__ABOUT THIS TASK__: Your output should be the lines from the one containing "another way to" through the end of the listing, exact and inclusive, with no pictures.

__INFORMATION SUPPLIED__:
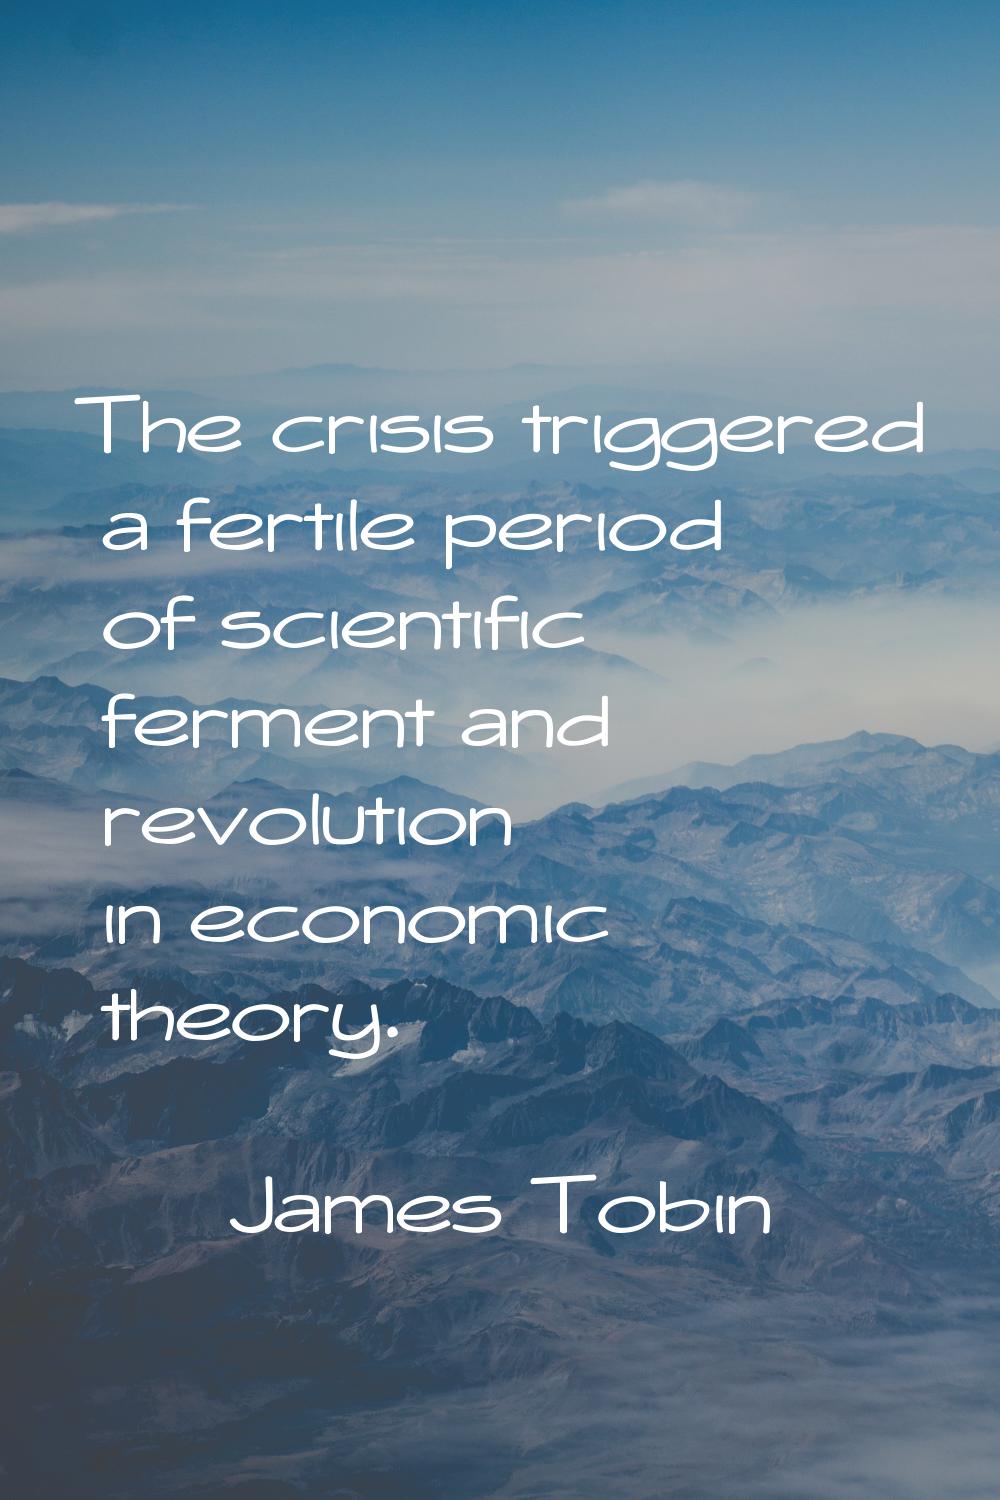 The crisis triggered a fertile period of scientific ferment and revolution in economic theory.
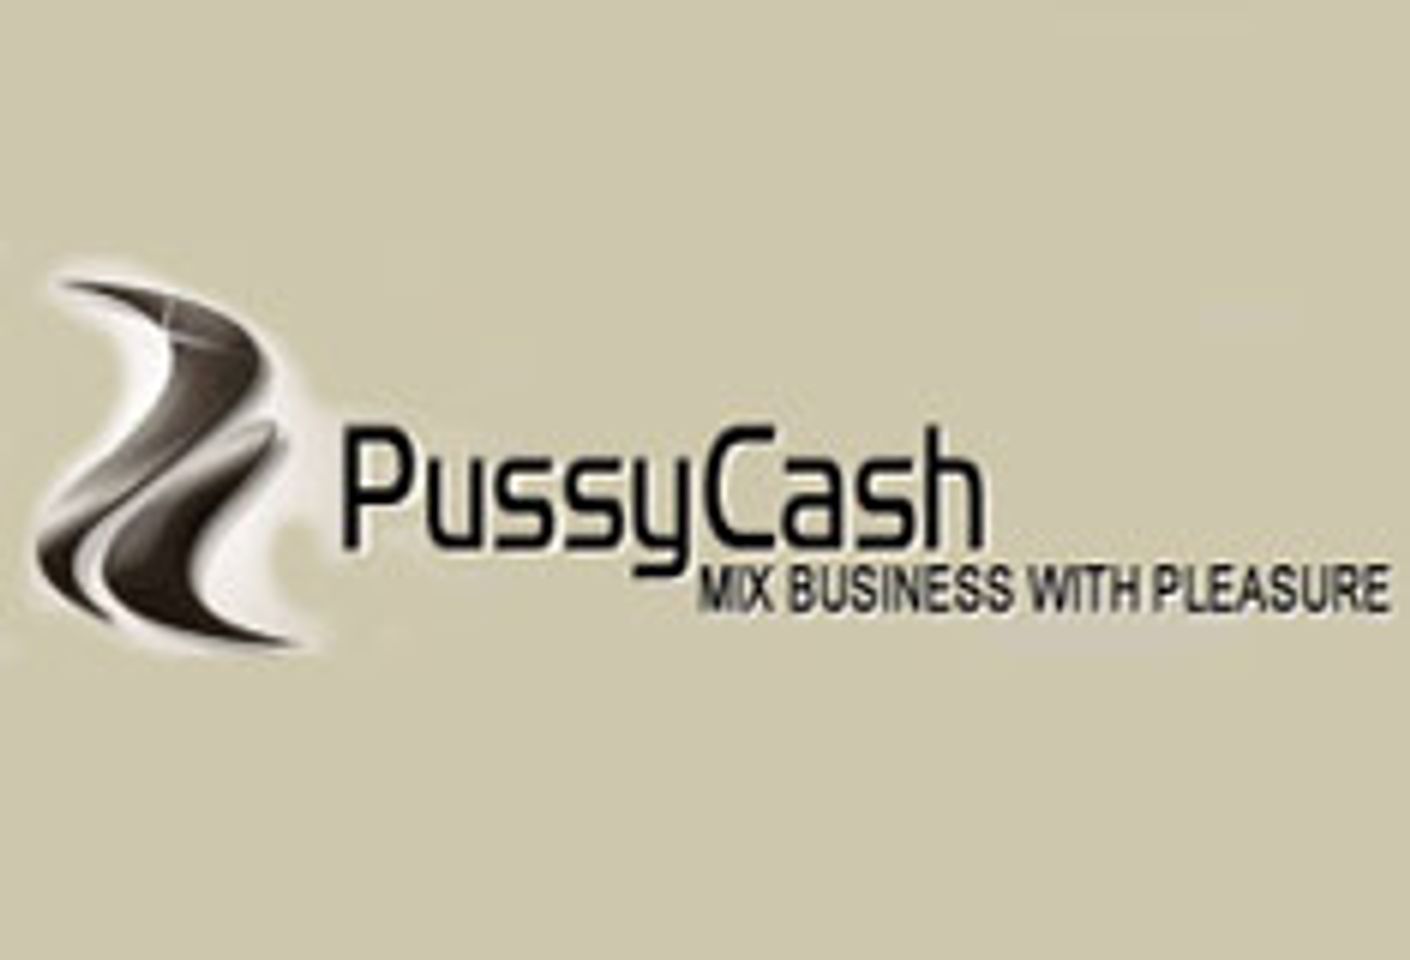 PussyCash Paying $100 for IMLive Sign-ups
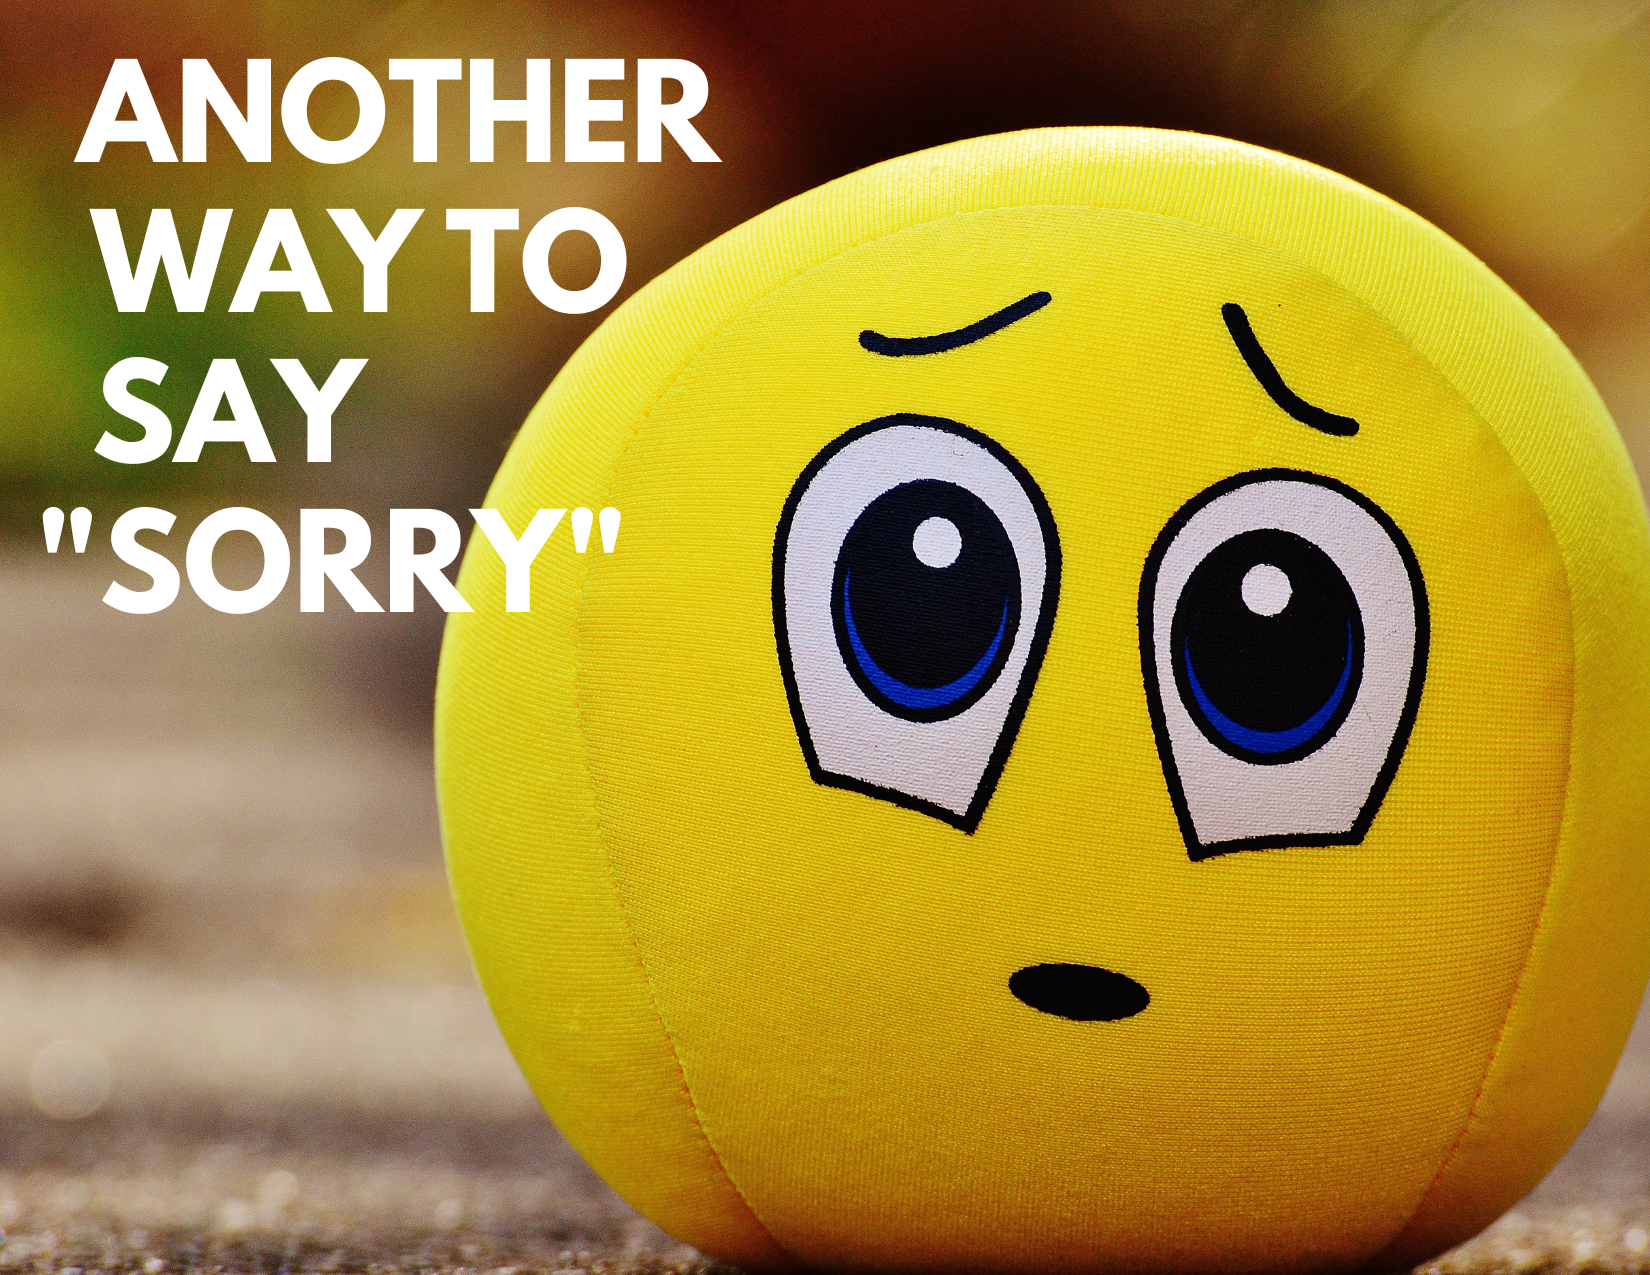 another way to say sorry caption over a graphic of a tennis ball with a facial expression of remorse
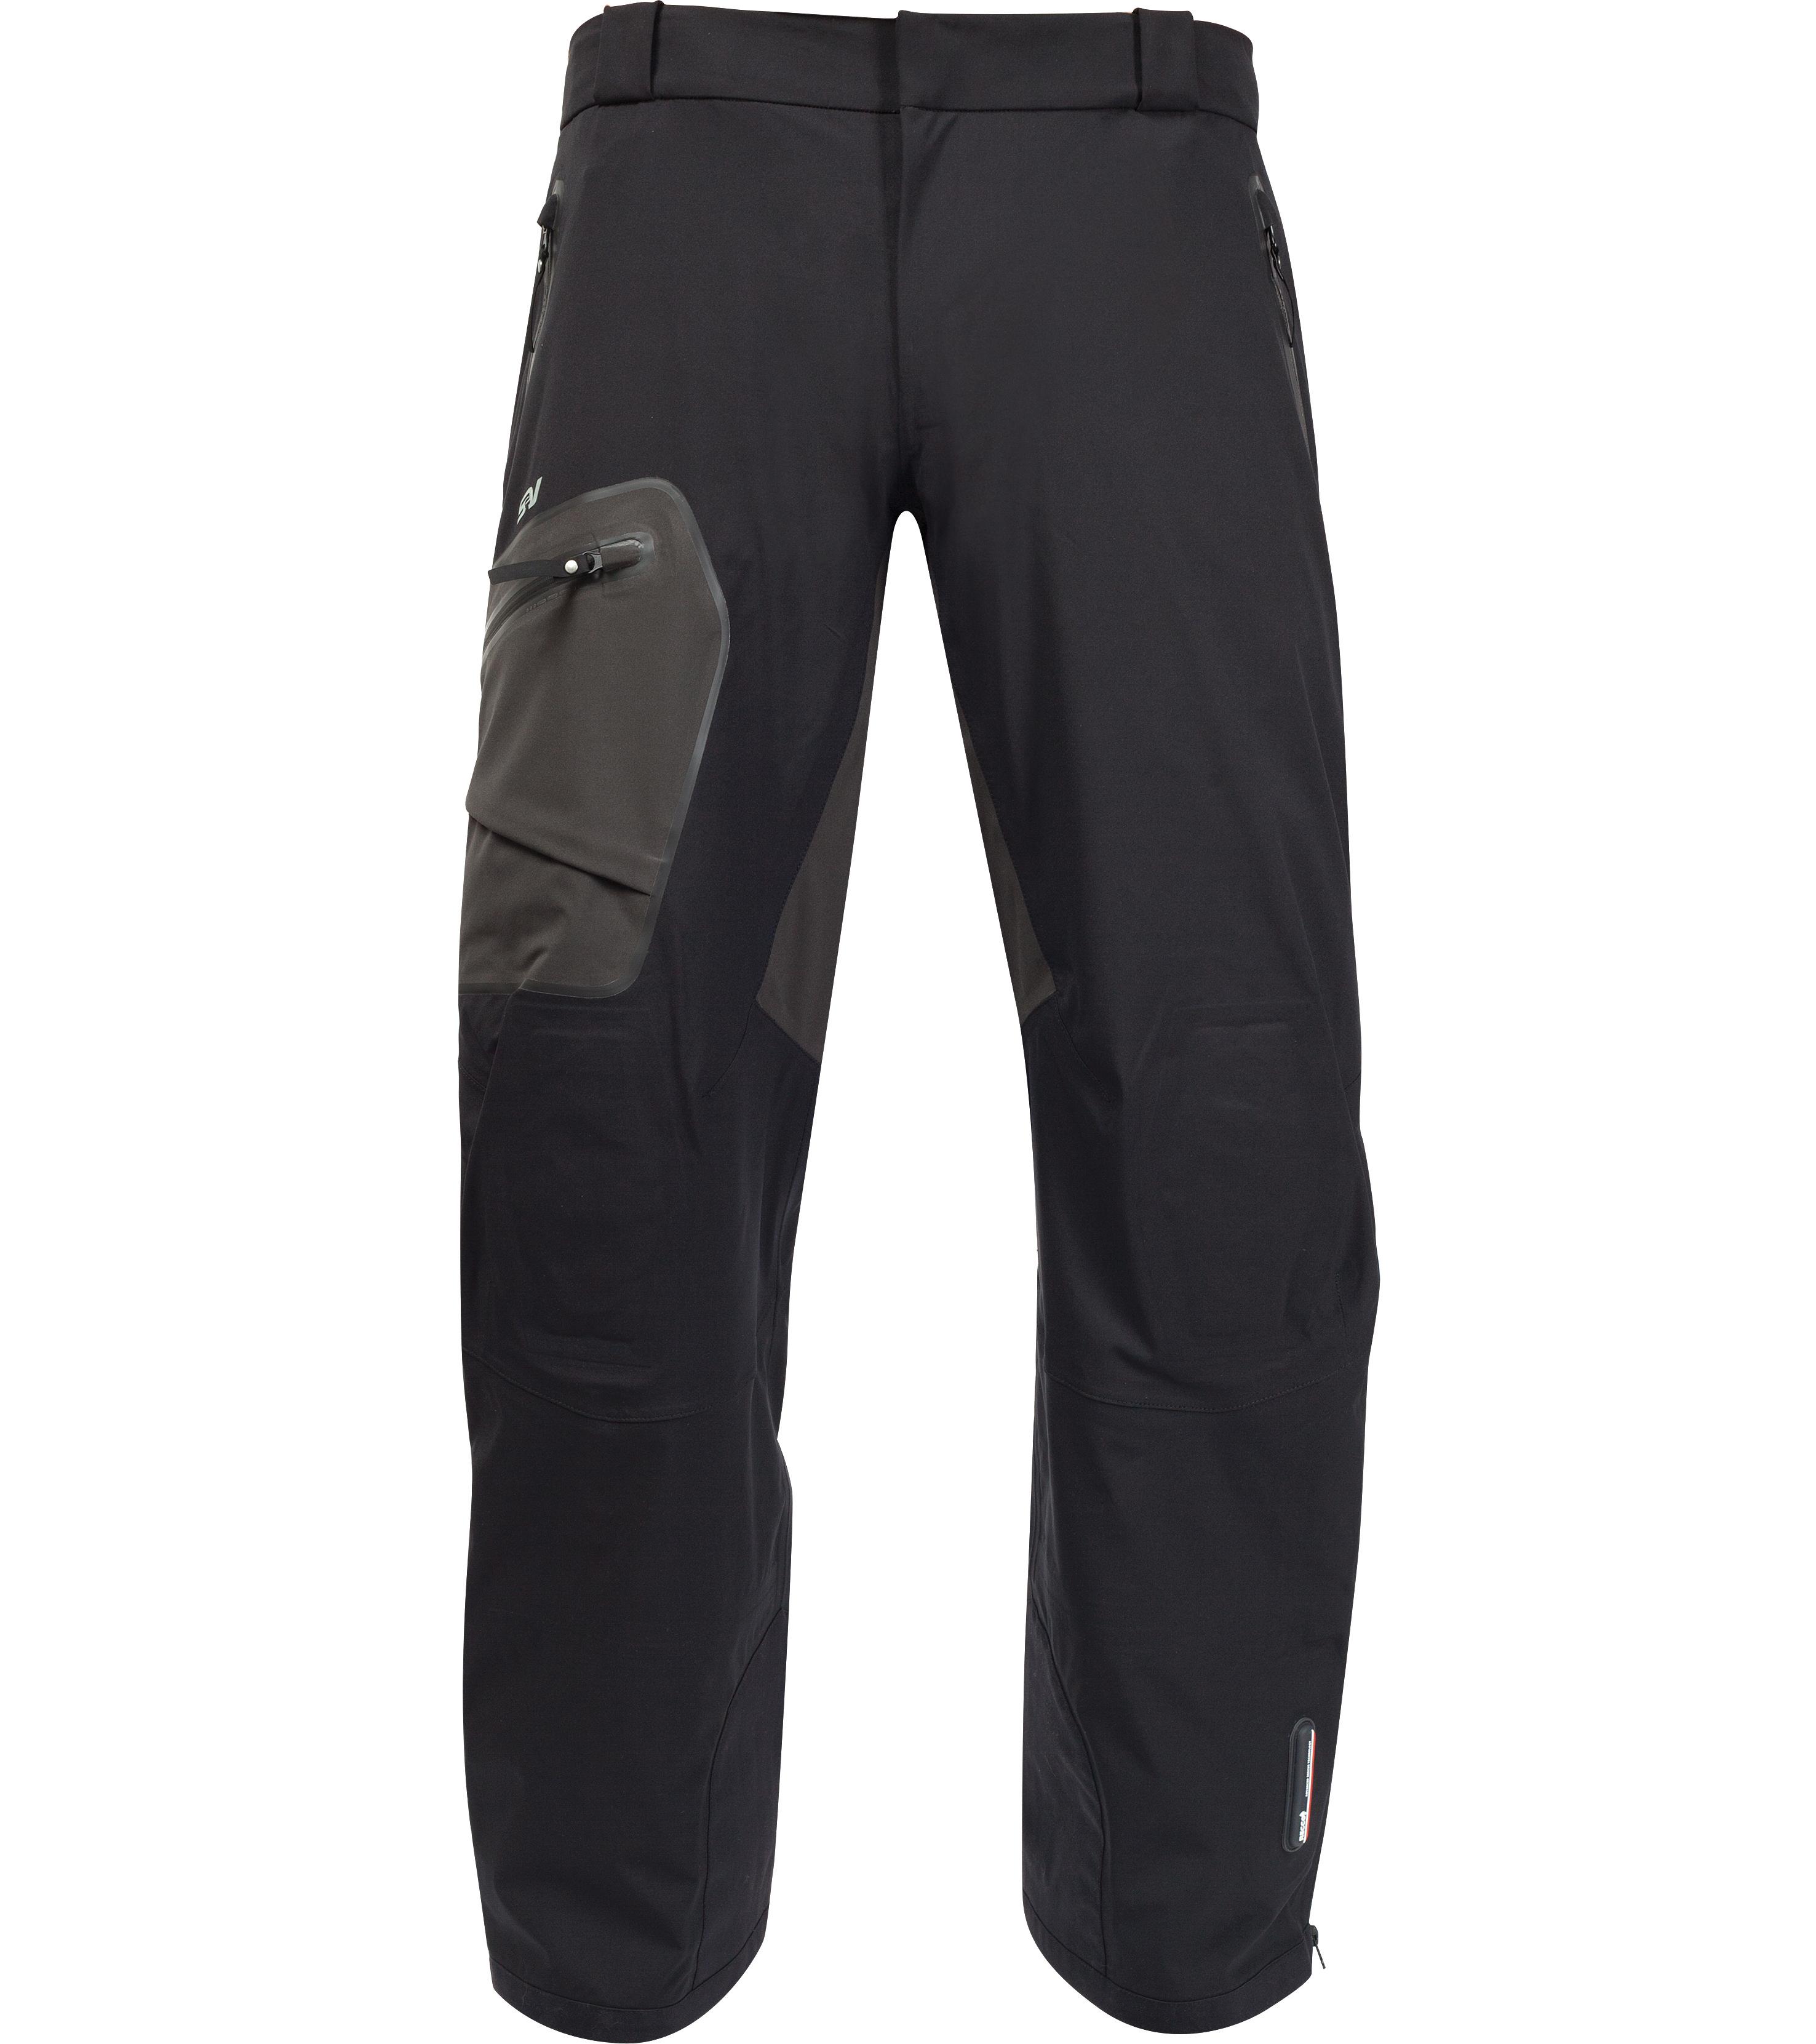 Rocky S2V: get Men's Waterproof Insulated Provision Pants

__EXERCISE SOLUTION__:
 another way to say sorry caption over a graphic of a tennis ball with a facial expression of remorse
 Rocky S2V: get Men's Waterproof Insulated Provision Pants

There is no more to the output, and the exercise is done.